To test our hypotheses, we use the 2020 American Values Survey by PRRI, a random sample of 2,538 adults (age eighteen and up) living in the United States, including all fifty states and the District of Columbia. Interviews were mostly conducted online using a self-administered design in both Spanish and English between September 9 and September 22, 2020.3

This survey provides a few items that allow for the systematic assessment of the relation between religion and a belief in conspiracy theories. The survey includes one COVID-19 conspiracy theory question applied to half of the sample (1,285 cases) and serves as our dependent variable: “Which of these two statements do you think is most likely to be true? (1) The coronavirus was developed intentionally by scientists in a lab (2) The coronavirus developed naturally.”4 Americans are evenly divided on this question (50 percent vs. 49 percent, respectively).

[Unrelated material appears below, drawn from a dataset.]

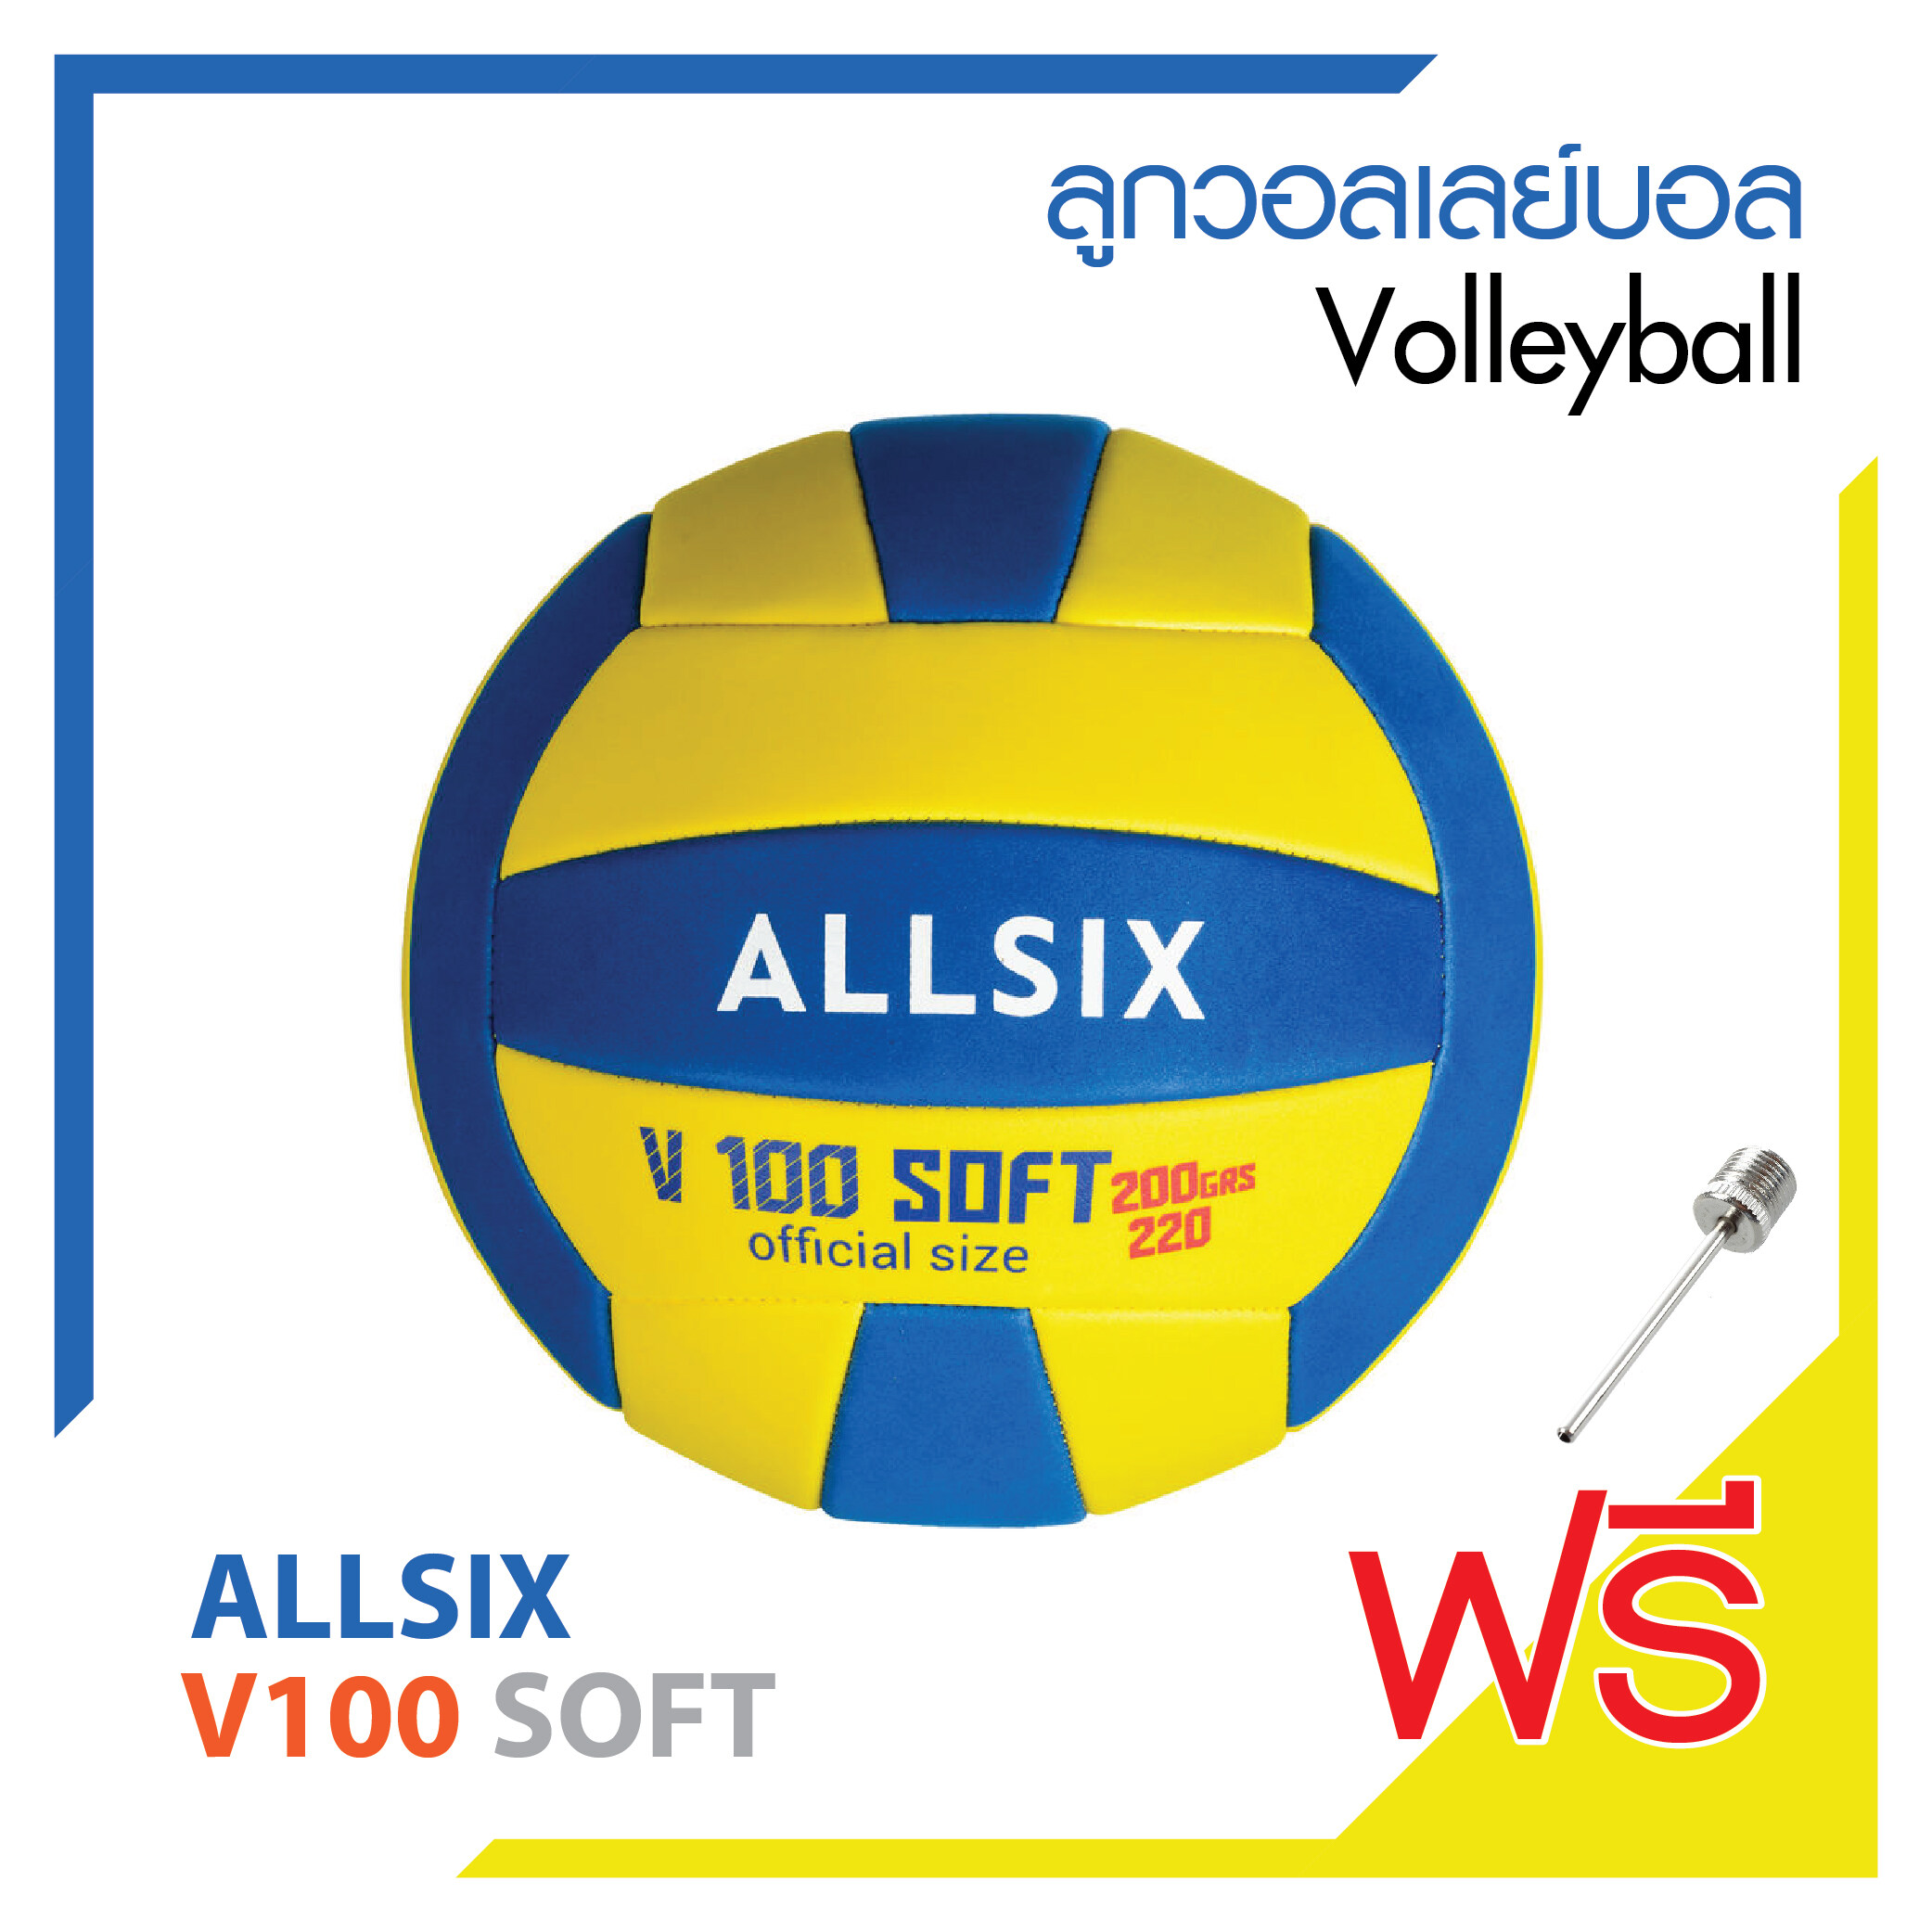 ลูกวอลเลย์บอล วอลเลย์บอล Soft ยี่ห้อ ALLSIX SOFT Soft Volleyball สินค้าคุณภาพดี โฟมเนื้อนุ่มน้ำหนักเบา !!  ลดพิเศษสุด

Because of the binary nature of our dependent variable, we use logit regression models and control for political variables as well as personal demographic and socioeconomic characteristics.5

Our key independent variable is religious affiliation. PRRI uses an identity measure to distinguish among Protestants, asking if they are born-again or evangelical Protestants or not. This is not the same as classifying their denominational affiliation, but analyses using either measure tend to return quite similar results (Burge and Lewis 2018). PRRI data show that the largest shares of religiously affiliated Americans are Christians, with 22 percent evangelical Protestants (13 percent white, 9 percent of color), 25 percent nonevangelical Protestants (17 percent white, 8 percent of color), 17 percent Catholics (10 percent white, 6 percent Hispanic, 1 percent all other of color), and 1 percent other Christians, including Latter-day Saints and Orthodox Christians. The rest of religiously affiliated Americans belong to non-Christian groups, which make up 9 percent of all religious groups, including Jewish, Muslim, Buddhist, and Hindu Americans as well as Americans who identify with other religions. One in four (25 percent) Americans identify as religiously unaffiliated. The survey also asks for religious service attendance. About one in four (27 percent) Americans reported they attend religious services either at least once a week or more, 21 percent indicated once or twice a month or a few times a year, and 52 percent said seldom or never.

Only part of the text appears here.